## Problem
What you return must match the listing exactly, with every image removed.

## Dataset section
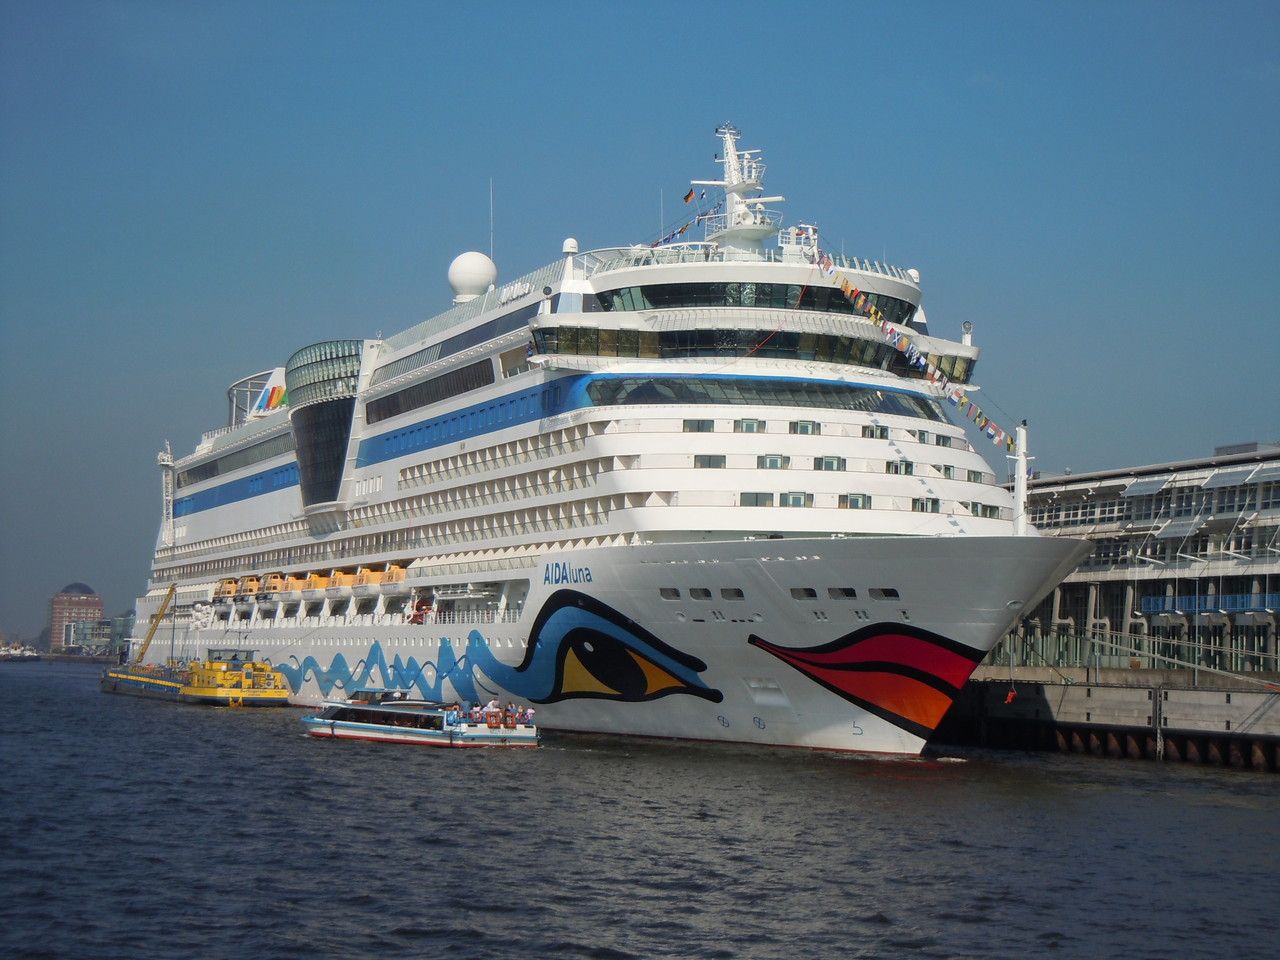 Die AidaLuna in Hamburg
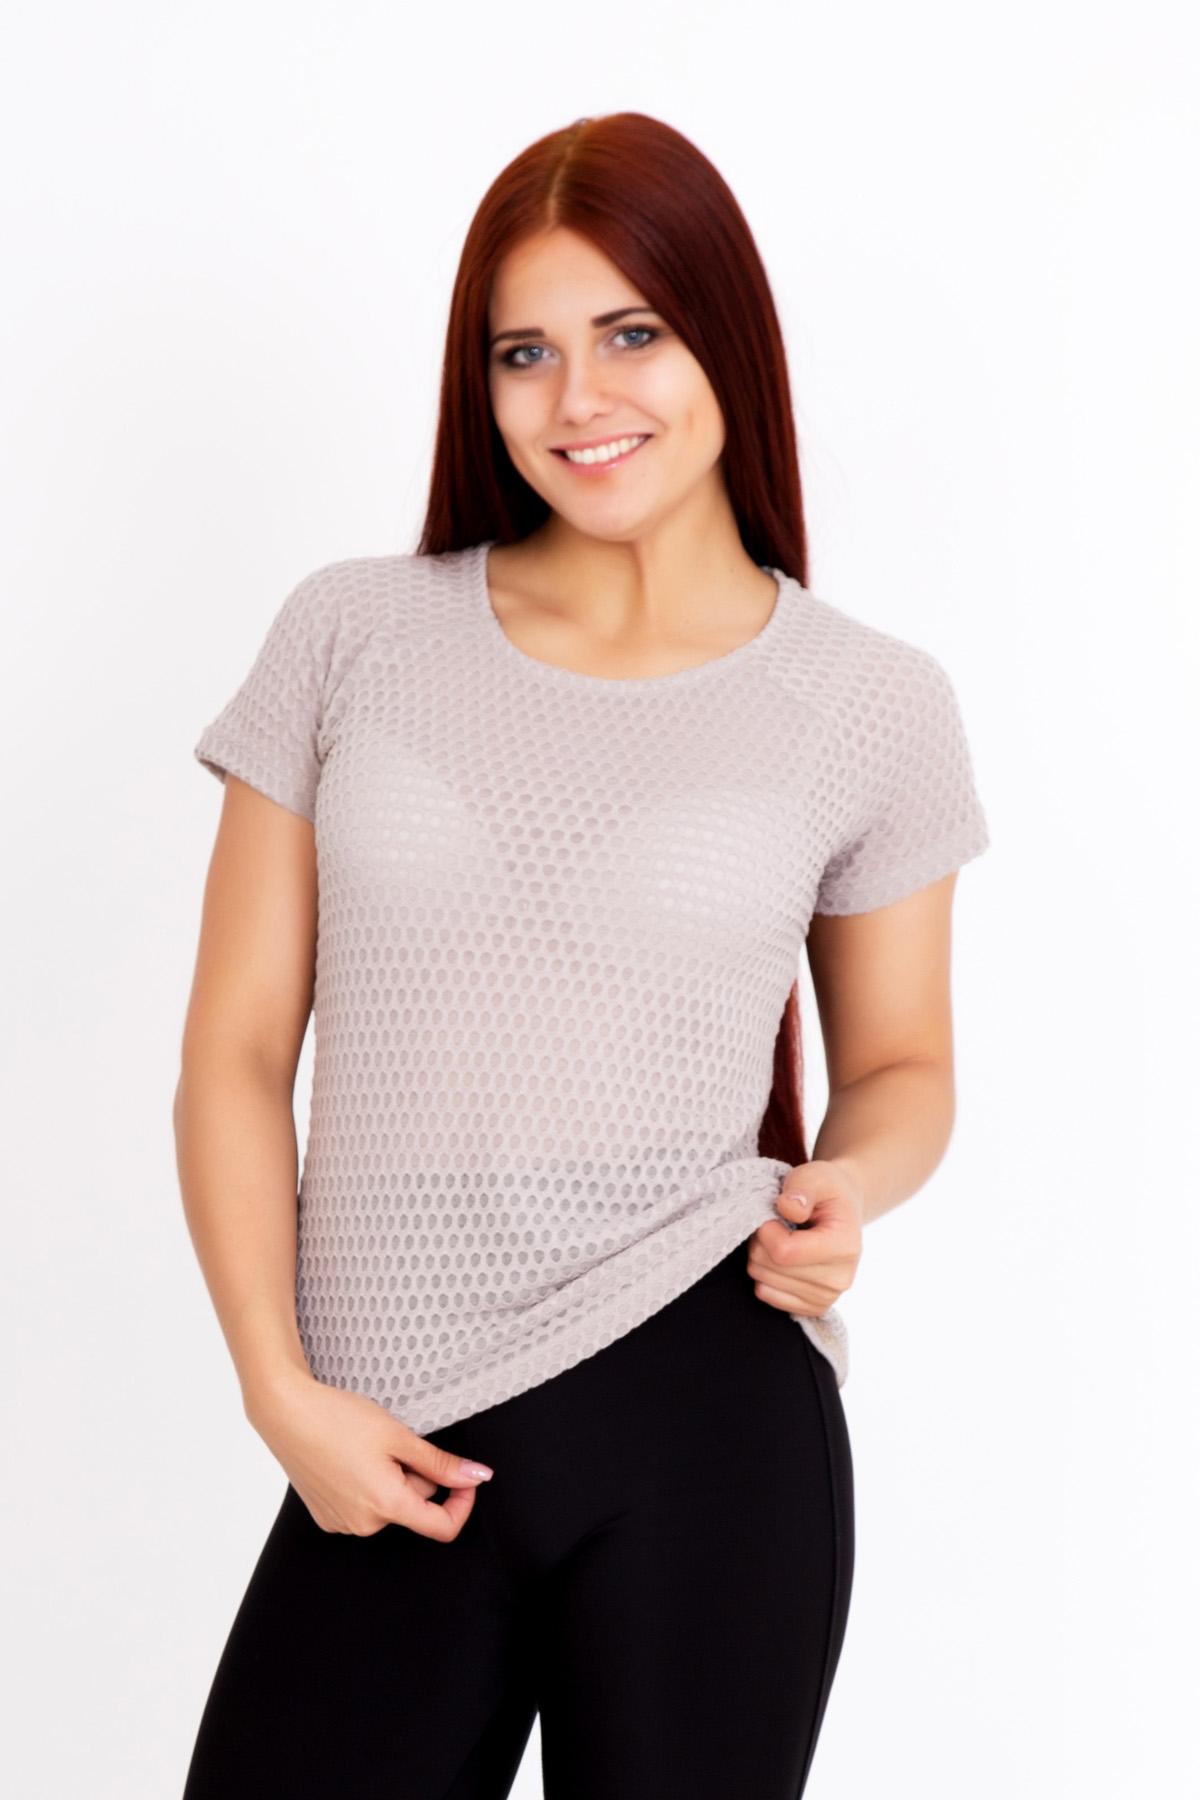 Жен. блуза Ажур Бежевый р. 46Блузы<br>Обхват груди:92 см<br>Обхват талии:74 см<br>Обхват бедер:100 см<br>Длина по спинке:55 см<br>Рост:167 см<br><br>Тип: Жен. блуза<br>Размер: 46<br>Материал: Вискоза
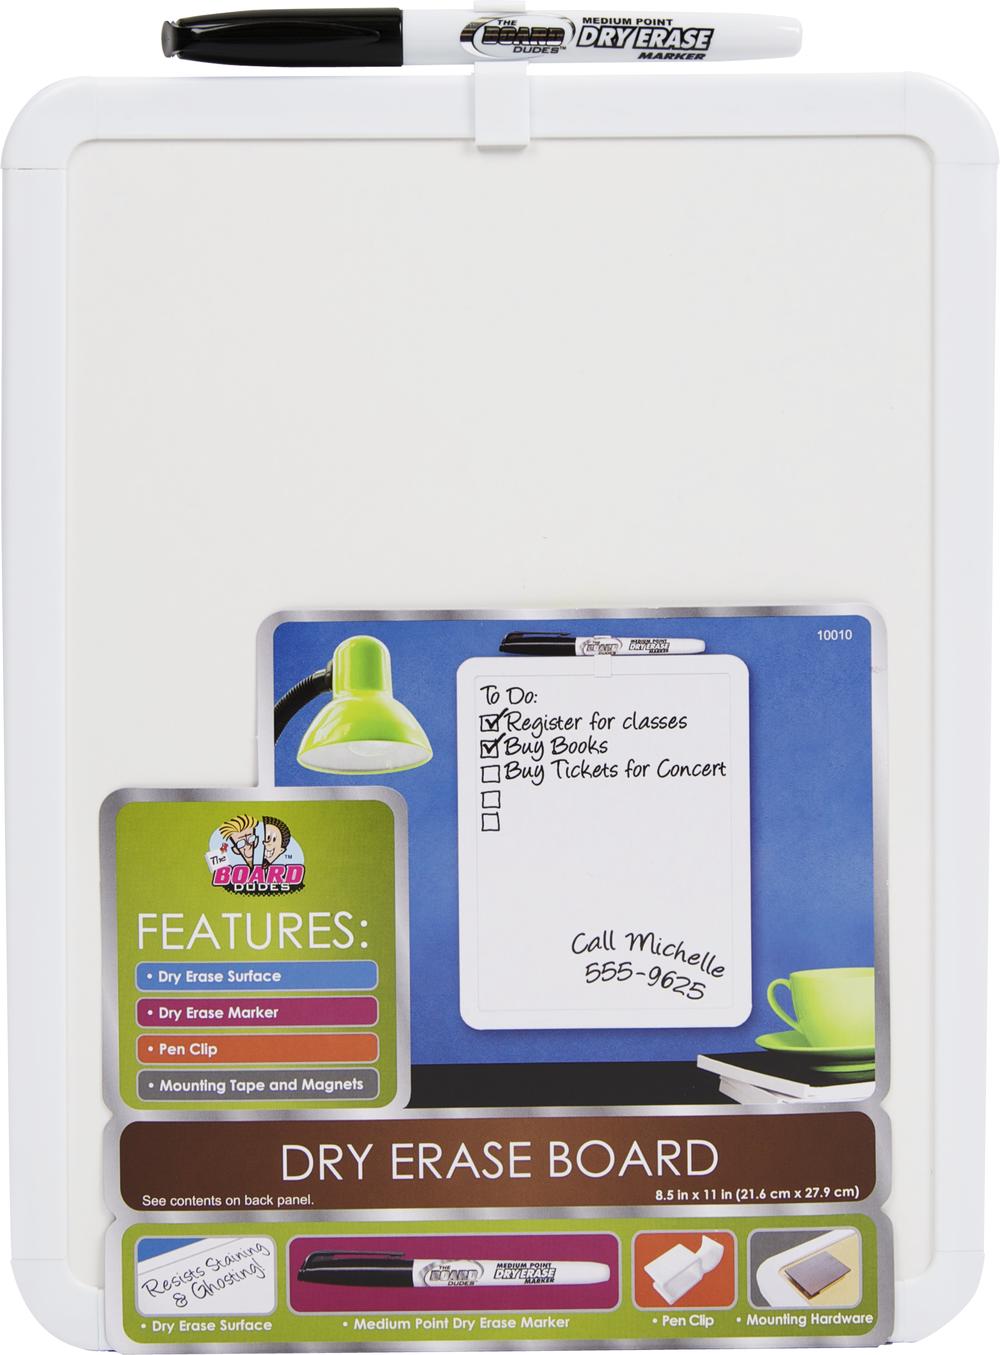 Board Dudes Plastic Framed Dry-Erase Board - White 8.5x11 Bulk

## Solution to the exercise
 Die AidaLuna in Hamburg
 Жен. блуза Ажур Бежевый р. 46Блузы<br>Обхват груди:92 см<br>Обхват талии:74 см<br>Обхват бедер:100 см<br>Длина по спинке:55 см<br>Рост:167 см<br><br>Тип: Жен. блуза<br>Размер: 46<br>Материал: Вискоза
 Board Dudes Plastic Framed Dry-Erase Board - White 8.5x11 Bulk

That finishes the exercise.